Страница 11 из 12
Какой еще завтрак, она же вчера наготовила на месяц вперед, там мяса одного на ползарплаты небось – если, конечно, папа не подключится.
Папа никогда столько не ел.
Папа никогда не жаловался. Ни на что. Его два года назад с работы уволили, со скандалом, – но я об этом совсем случайно узнал и два месяца спустя: нечаянно в его почтовый ящик залез – а там письмо бывшему начальнику открылось. Письмо было копец какое резкое и наотмашь – это мы как раз в ипотеку влезли, – но и толковое.
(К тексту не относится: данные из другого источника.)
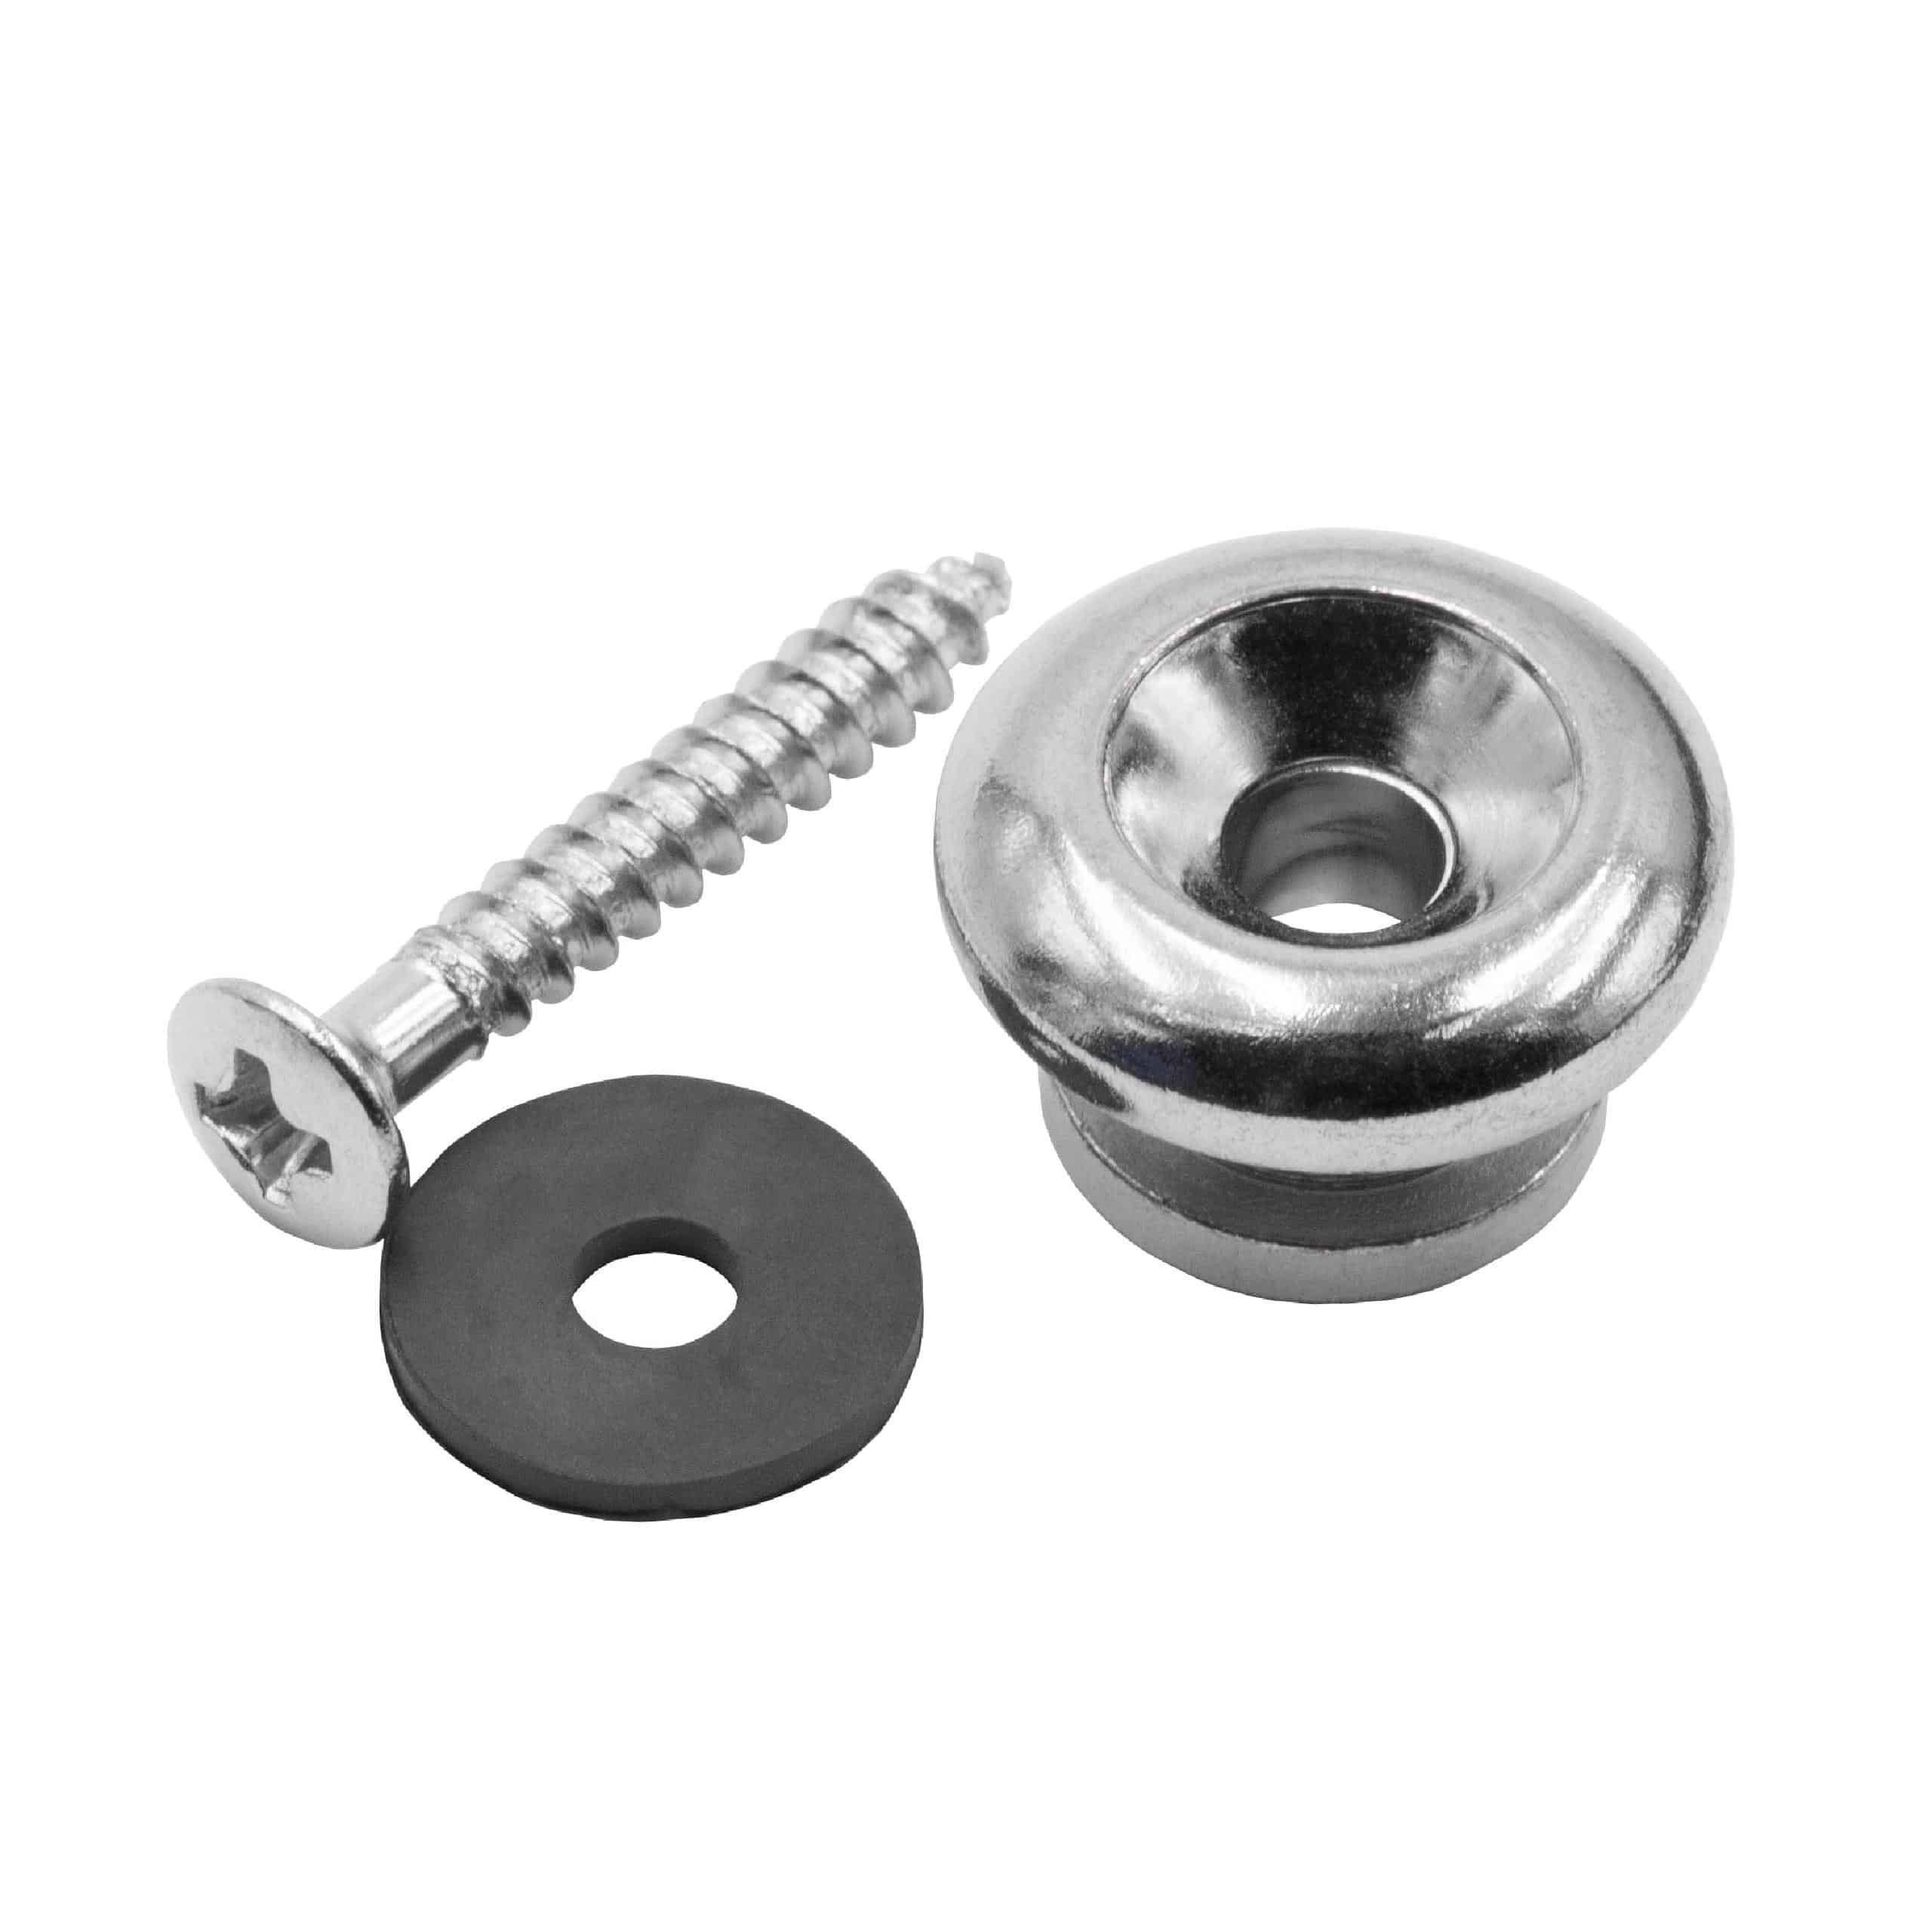  Security Strap Lock Straplock Button Pin Peg for Electric/Acoustic Guitar, Bass; silver, mushroom

Я на папу тогда обиделся слегка – мог и сказать родному сыну про неприятности, – но зауважал совсем сильно. Работу-то он быстро нашел. Хотя это не физическая, конечно, боль – но я потому и вспомнил, что папа на новой работе, это логистическая такая компания, перевозками и хранением всяких больших грузов и товаров занимается, в аварию попал – ребра поломал и ногу. Месяц лежал, год хромал, украдкой что-то там глотал по ночам, – но я ни разу не слышал, чтобы он жаловался или даже умученное лицо делал. Он хихикал и называл себя победителем «КамАЗов». А уж как больно было – я представляю. Не зря же он с тех пор к валерьянке и пристрастился. Других лекарств и не признавал. А теперь говорит – три таблетки. Вот и тошнит.
А от ножа какие раны бывают? Например, если сильно рукояткой в живот попал – от этого боли наутро возникают?
Блин, что я опять про сон-то? Говорят же, что сон – небывалое сочетание бывалых впечатлений. Моя усталость – это бывалые впечатления и родительские болезни, ночная ерундистика – это небывалое сочетание, все нормально. Сейчас я зайду и прямо спрошу…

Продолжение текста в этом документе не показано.